NDSA:Preservation Storage Topic JPEG2000

From DLF Wiki
Revision as of 15:19, 11 February 2016 by Dlfadm (talk | contribs) (4 revisions imported: Migrate NDSA content from Library of Congress)
(diff) ← Older revision | Latest revision (diff) | Newer revision → (diff)
Jump to navigation Jump to search

Statement of Purpose

The Infrastructure Working Group, in February 2012, initiated a series of open conversations on detailed aspects of preservation storage. These conversations are conducted over the listserv and each topic is discussed over the course of 2-3 weeks. Topic 2 was on compression, and in relation to that point, this research done for the FADGI group was reproduced here to illustrate the way that compressed & uncompressed file formats can influence digital preservation policies and infrastructure.

Files/PDFs referenced in this report

For efficiency's sake, most of the PDFs and pages linked below are all included in the attached PDF. Unfortunately, I haven't the time to upload all 35 individually, so they are merged into one doc. Please find them there as they have not been uploaded individually and many of the below links will not work.

File:JP2K documents.pdf

Recent JPEG 2000 Literature

Applied Earth Observations and Geoinformation - Color Orthophotos - April 2012

Techworld - British Newspaper Archive - 6 February 2012

  • Sophie Curtis - British Newspaper Archive: Digitising the Nation's Memory
  • British Library and Brightsolid
  • Stance on JPEG 2000: Used as preservation standard because of compression capabilities
  • The pages are scanned in TIFF format and then converted into JPEG 2000 files
  • "We throw away the TIF files because they're just too big to keep. To put it into perspective, we've probably got something like 250TB of JPEG 2000, and we have 3 copies of each file, so it's a lot of data. If we'd just been going with the uncompressed TIF, that would probably be something in excess of a petabyte and a half." - Malcolm Dobson, chief technology officer at brightsolid

Telecommunications Systems 49.2 - Satellite Image Communication - February 2012

  • M. Abolfathi and R. Amirfattahi - Design and implementation of a reliable and authenticated satellite image communication
    • Full-text unavailable as of March 1, 2012, but this issue will be available at the Library of Congress
  • Telecommunications Systems 49.2, February 2012, p.171-177
  • Stance on JPEG 2000: Unclear from the abstract, but satellite-based projects tend to use JPEG 2000 for compression purposes
  • This article came up during a JPEG 2000 search, and this implies that the compression of JPEG 2000 image files is crucial to this satellite project.
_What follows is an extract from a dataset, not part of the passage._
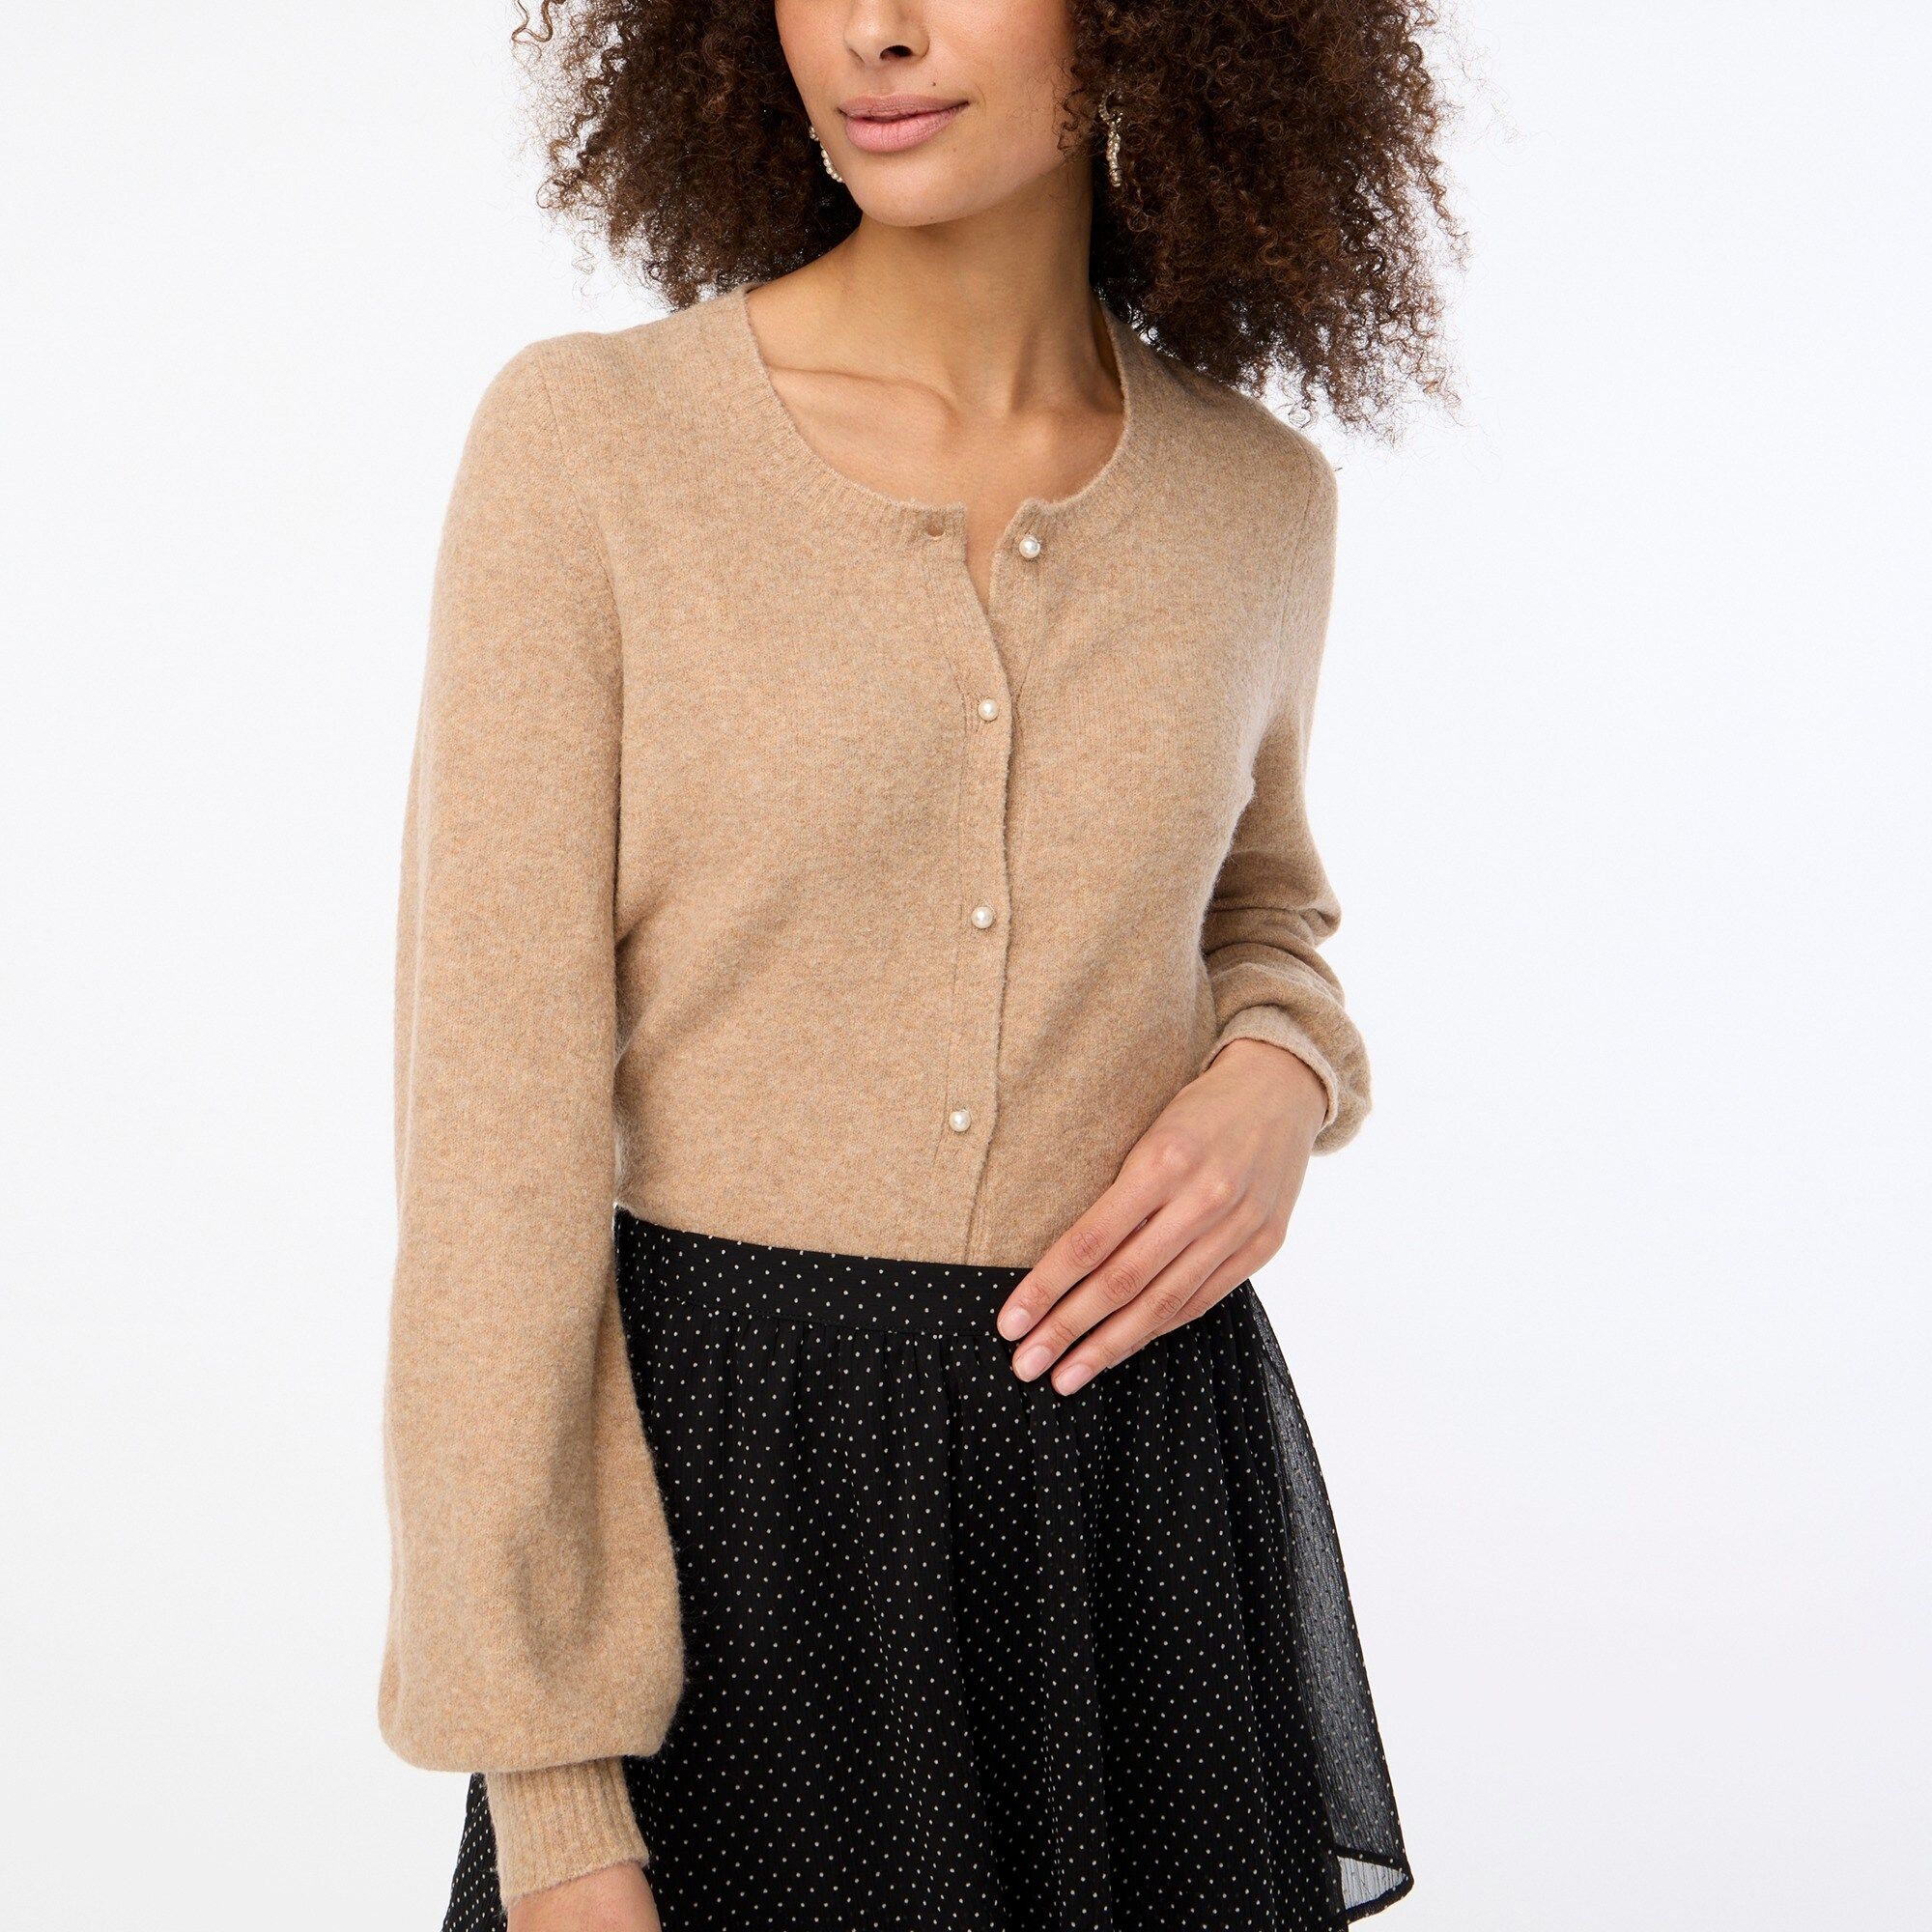 newPuff-sleeve cardigan sweater in extra-soft yarnItem BL759Comparable value:$98.00Your price:$29... | J.Crew Factory

States News Service - Mars Observer - 7 December 2011

  • Shelley Littin, NASA Space Grant intern - With "Google Earth" for Mars, Explore the Red Planet from Home
  • University of Arizona
  • Stance on JPEG 2000: Lossless image compression ideal for storing high-resolution images
  • "This file format allows software supporting the JPEG2000 networking capabilities to download and view just a portion of any image in less than 30 seconds, resolving the need to spend a long time downloading an entire image and ensuring there is enough local storage space to hold the image."

Journal of Digital Imaging 24.6 - Compressed Dental Image Comparison - December 2011

  • B. Güniz Baksi and Aleš Fidler - Fractal Analysis of Periapical Bone from Lossy Compressed Radiographs: A Comparison of Two Lossy Compression Methods
  • School of Dentistry, Department of Oral Diagnosis and Radiology, Ege University, Izmir, Turkey
  • Stance on JPEG 2000: performs slightly worse than compressed JPEGs but the difference is neglible
  • "The JPEG compression method performed only slightly better than JPEG2000 since it showed less FD difference at the same compressed file size down to JPEG 30 CL. However, the difference between the two methods was small and it may be negligible in a clinical setting."

Proceedings of SPIE - Hyperspectral Image Compression - November 2011

  • Milosz Ciznicki, Krzysztof Kurowski, Antonio Plaza - GPU implementation of JPEG2000 for hyperspectral image compression
  • Proceedings of SPIE - The International Society for Optical Engineering
  • Stance on JPEG 2000: Invaluable for hyperspectral imaging of Earth
  • "JPEG2000 is an important technique for data compression which has been successfully used in the context of hyperspectral image compression, either in lossless and lossy fashion ... Specifically, we develop GPU (graphics processing units) implementations of the lossless and lossy modes of JPEG2000."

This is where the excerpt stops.